Prologue
Le 5 octobre 2022
Üsküdar, Istanbul
Türkiye
La petite coupole turquoise de la fontaine d’ablutions en marbre avait gardé de son éclat malgré les quatre siècles qui séparaient le moment où elle fut achevée et celui où je la contemplais en me rendant à la prière du ikindi en ce doux mois d’octobre. Elle trônait là au milieu du passage où les hommes prenaient fidèlement leurs ablutions, que leurs mains se colorent d’une légère teinte mauve lorsqu’il faisait froid ou qu’elles soient déjà moites de la sueur d’une journée chaude d’été comme en connaissait si souvent Istanbul, peu importe, ils se succédaient sans interruption dans ce rituel sacré.

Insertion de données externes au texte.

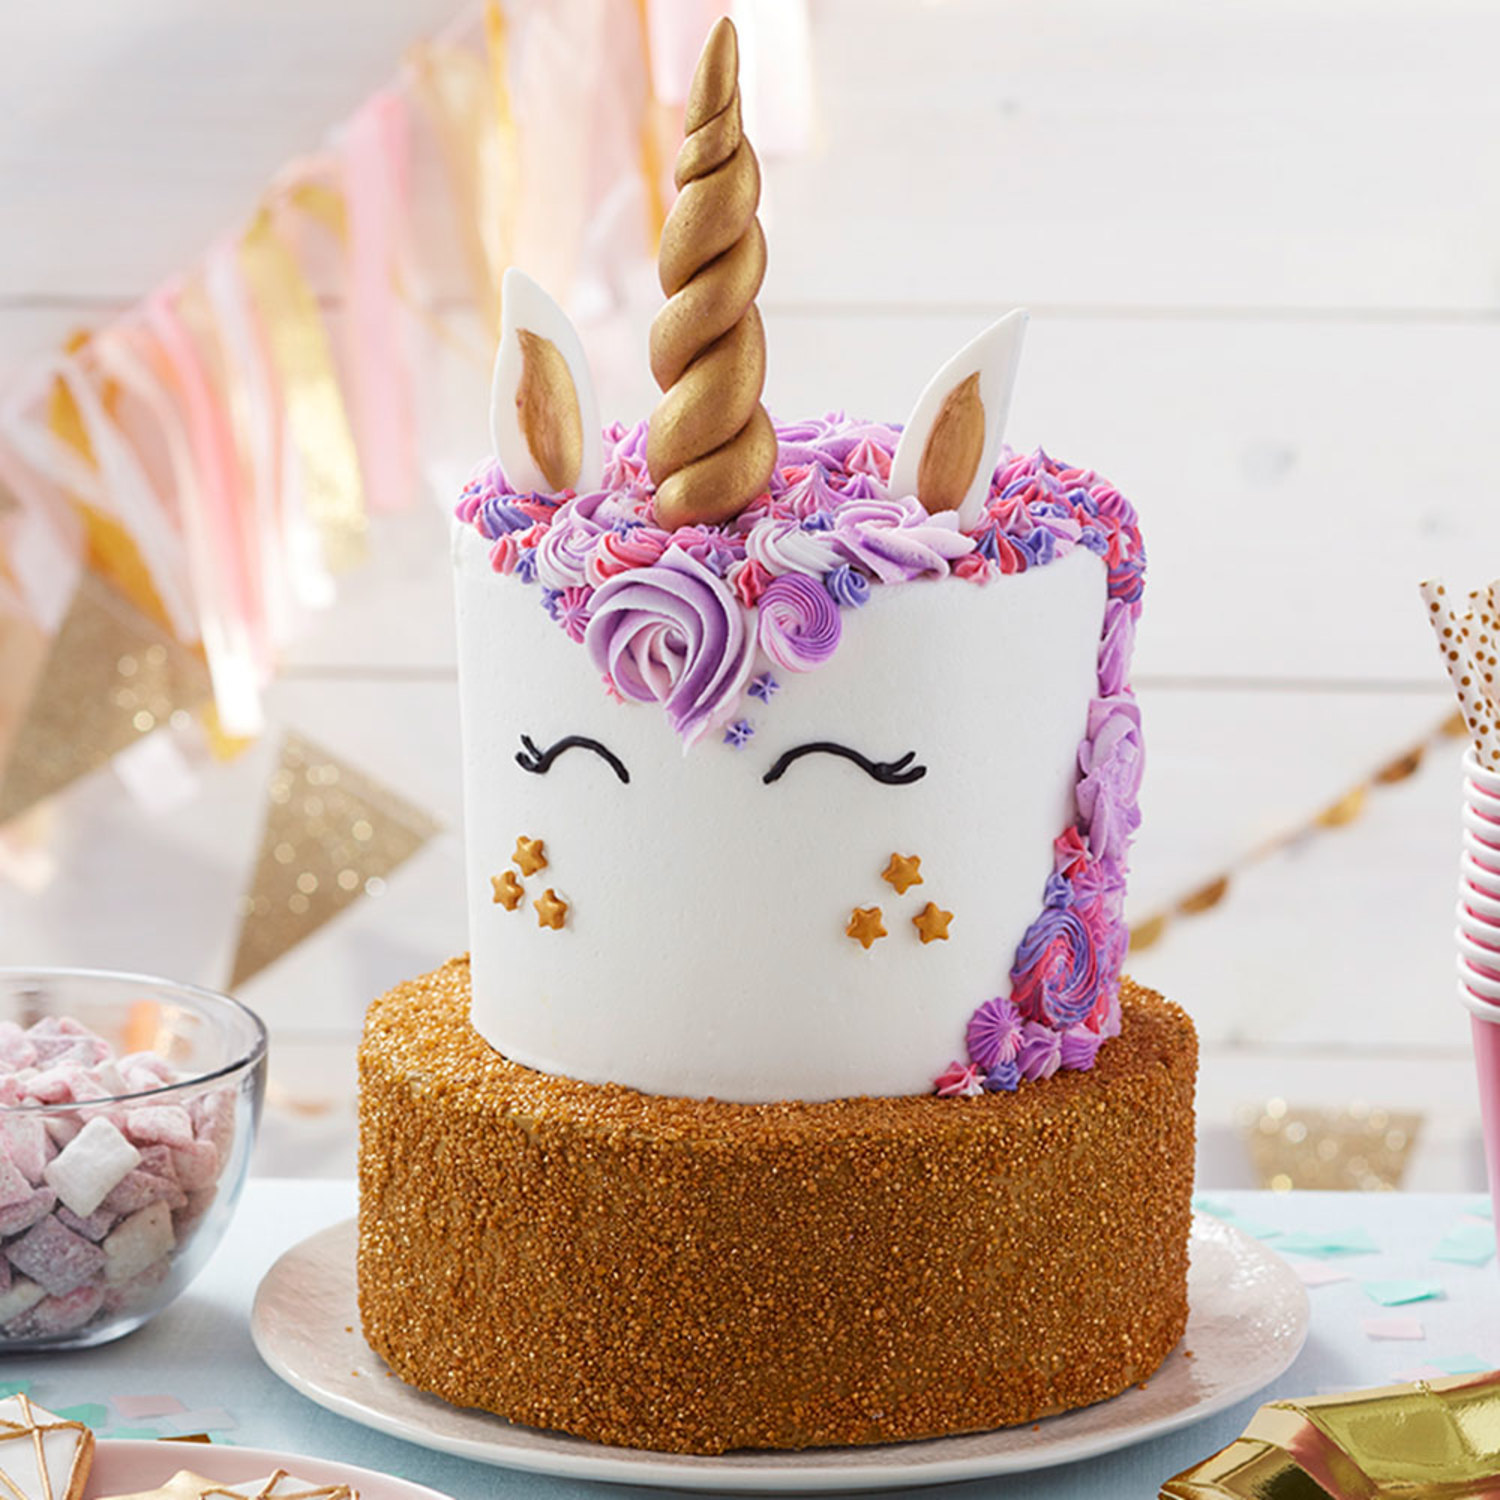 Beautiful Bright Cake Decorated In The Form Of Fantasy Unicorn Concept Of A  Festive Dessert For Kids Birthday Stock Photo - Download Image Now - iStock

Cette mosquée m’enivre de son histoire. Je ne crois pas avoir trouvé d’autres endroits à Istanbul qui m’enchantent plus encore que cette mosquée si chère à mon cœur. Peut-être aussi suis-je sensible à la personne en l’honneur de qui elle a été érigée : Mihrimah était la fille de Roxelane, la si célèbre concubine du grand Sultan Suleyman, à qui elle aurait fait perdre la tête.
Qu’on l’admire ou qu’on la maudisse, personne n’oserait néanmoins nier l’intelligence dont elle a fait preuve tout au long de sa vie et dont a largement hérité sa fille. Plus je me plongeais dans l’étude de la vie de Mihrimah plus j’y trouvais là le modèle d’une femme forte et brave devant le cours que prit son destin.
C’est dans ce quartier d’Istanbul que j’aimais me rendre tous les jours, et plus particulièrement juste derrière la mosquée Mihrimah, se trouvait une petite échoppe qui servait de délicieuses parts de gâteaux, accompagnées d’un café turc ou d’un thé noir, pour quelques sous seulement. Les propriétaires de la boutique ne me questionnaient jamais et acceptaient que j’y passe des heures entières à travailler. Je ne levais les yeux de l’écran de mon ordinateur que pour commander un autre thé aromatisé au clou de girofle ou une énième part de cake au citron aux graines de pavot. Elif et Ömer n’étaient pas ce genre de personnages aux manières intrusives qui estiment que puisque vous restiez travailler dans leur café, ils obtenaient presque automatiquement le droit d’en savoir plus sur vous et votre vie. Bien au contraire, ils faisaient de leur discrétion un point d’honneur.